Earl Granville, who had just become Secretary of State for Foreign and Commonwealth Affairs, responded on behalf of the Colonies Secretary. He said that the matter was never going to be completed without the consent of Parliament. However, he said that "you will find it excessively difficult to show what advantage is gained by this country by retaining possession of this settlement." He said that as there was no slave trade and no suppression of the slave trade anymore, there was little value in maintaining the Gambia. He also said there was no military value to the Gambia, "unless our seamen were seized with an unusual whim to run away and hide themselves from the rest of the world." The Earl continued that in fact, trade had "steadily fallen off" and "the revenue with it". He said that Colonial Office officials tended to have difficulty adapting to conditions in the Gambia, and also that the handwriting on the petition the Duke referenced was seemingly by the same person. He concluded that "While the Colony would be of great advantage to the French in connection with their flourishing Colony of Senegal, I think it is no exaggeration to say that Gambia is to our country an absolute burden without any redeeming characteristics."

== Second proposal, 1874–76 ==
In April 1874, the French government again proposed that the Gambia should be exchanged. This time, they proposed that it would be done in return for the Ivory Coast and the Mellacourie region. Once the news broke in mid-1875, there was further opposition in Bathurst. Liberated African political leaders formed the Gambia Native Association to coordinate their proposals. Likewise, the British merchants formed the Gambia Committee, which also condemned cession. Negotiations were again delayed again, and in March 1876, when it appeared that he may have misled Parliament, the Earl of Carnarvon broke off negotiations.

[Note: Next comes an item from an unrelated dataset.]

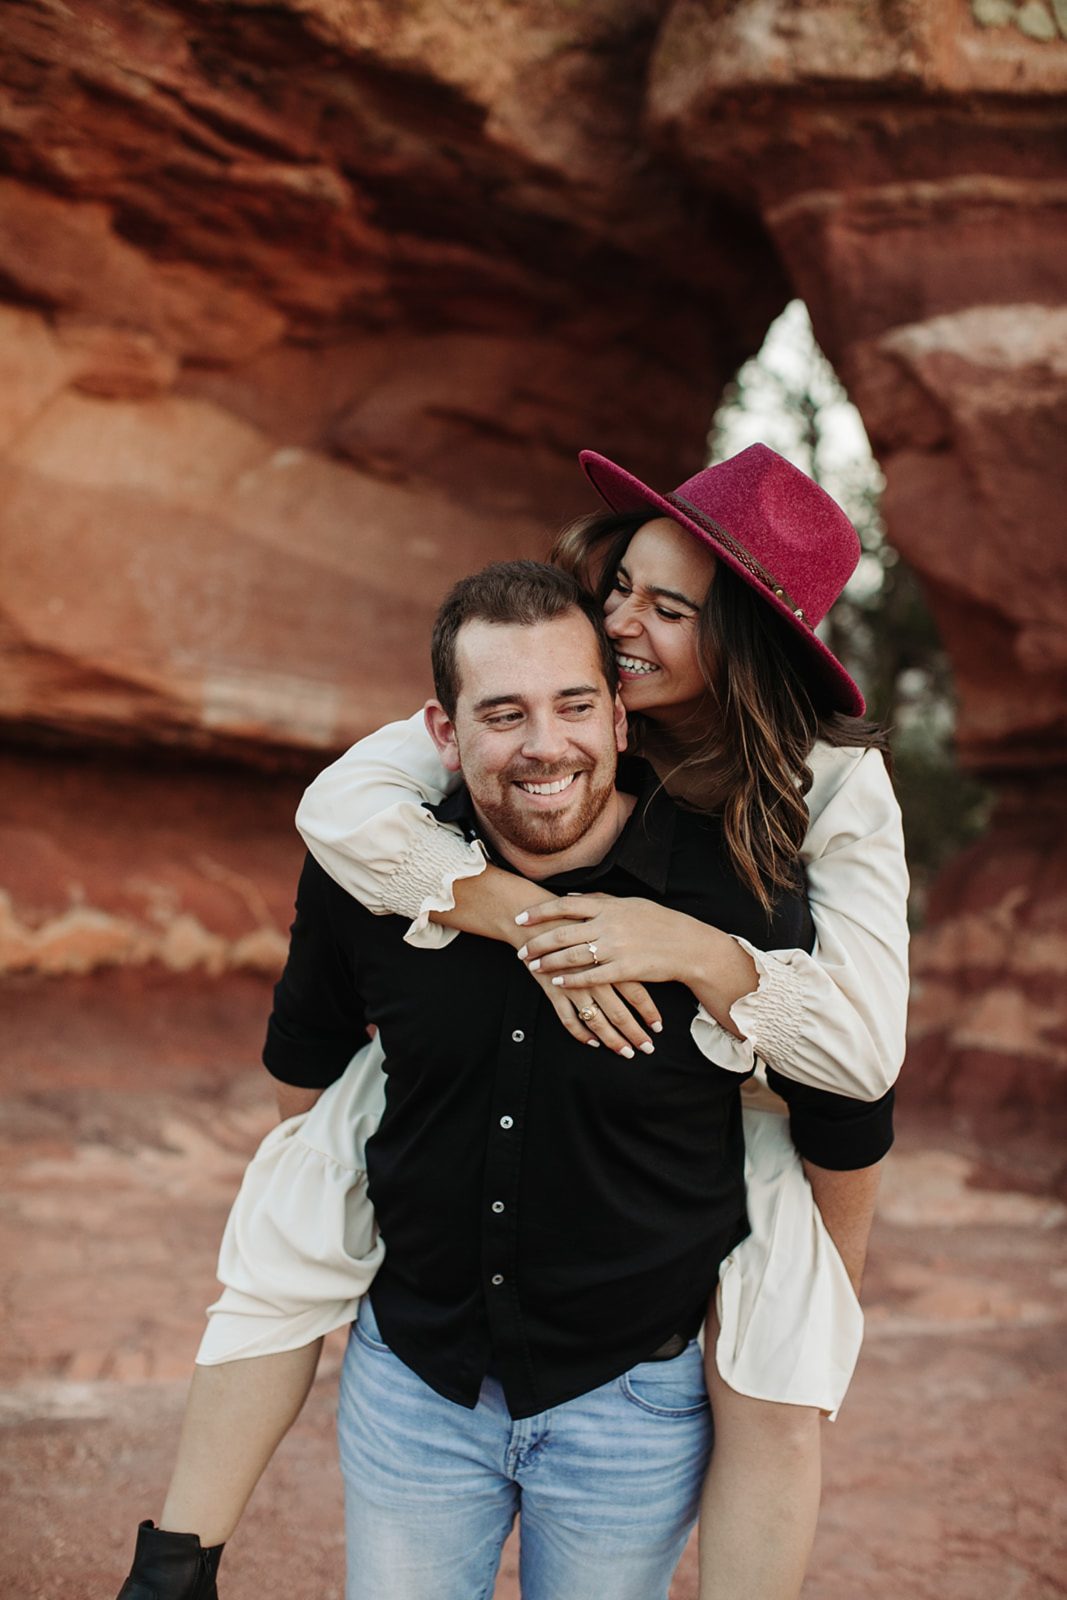 Garden of the Gods Engagement Photos, engagement session at garden of the gods, Colorado Springs engagement photos

In 1876, the South Australian Register concluded with the following in an article on the possible Gambian cession: "At this moment, every portion of England's vast Colonial Empire is thoroughly loyal, but it is not too much to say that very different sentiments will arise if the British Government once give their assent to the principle that to suit the fancy of statesmen any portion of the colonies may be given away to or exchange with a foreign power, not only without the consent, but contrary to the wish of the people whose allegiance is made a matter of barter."

== Collapse of the 1870s proposals ==
The idea of exchange remained a political possibility in the 1880s, but no firm proposals were put forward by either government. Concurrent with many of these events, Otto von Bismarck set about unifying the German states. During this process, he provoked the French into the Franco-Prussian War. Following the war, the French did not revisit the subject of Gambian cession, and the British authorities "apparently thought better of pursuing the matter."

== Proposal raised again, 1890s ==
There was the possibility of cession again in the 1890s as the government proposed that a West African colony, likely the Gambia, would be ceded to the French in return for them giving up their fishing rights on the Newfoundland coast. According to The New York Times, the dispute over Newfoundland fishing rights had been going on since the Treaty of Utrecht in 1713. In 1891, The Spectator noted that "British Gambia is of little use to England except as a means of inflicting injury on France, it would be not unreasonable on our part to exchange it as suggested."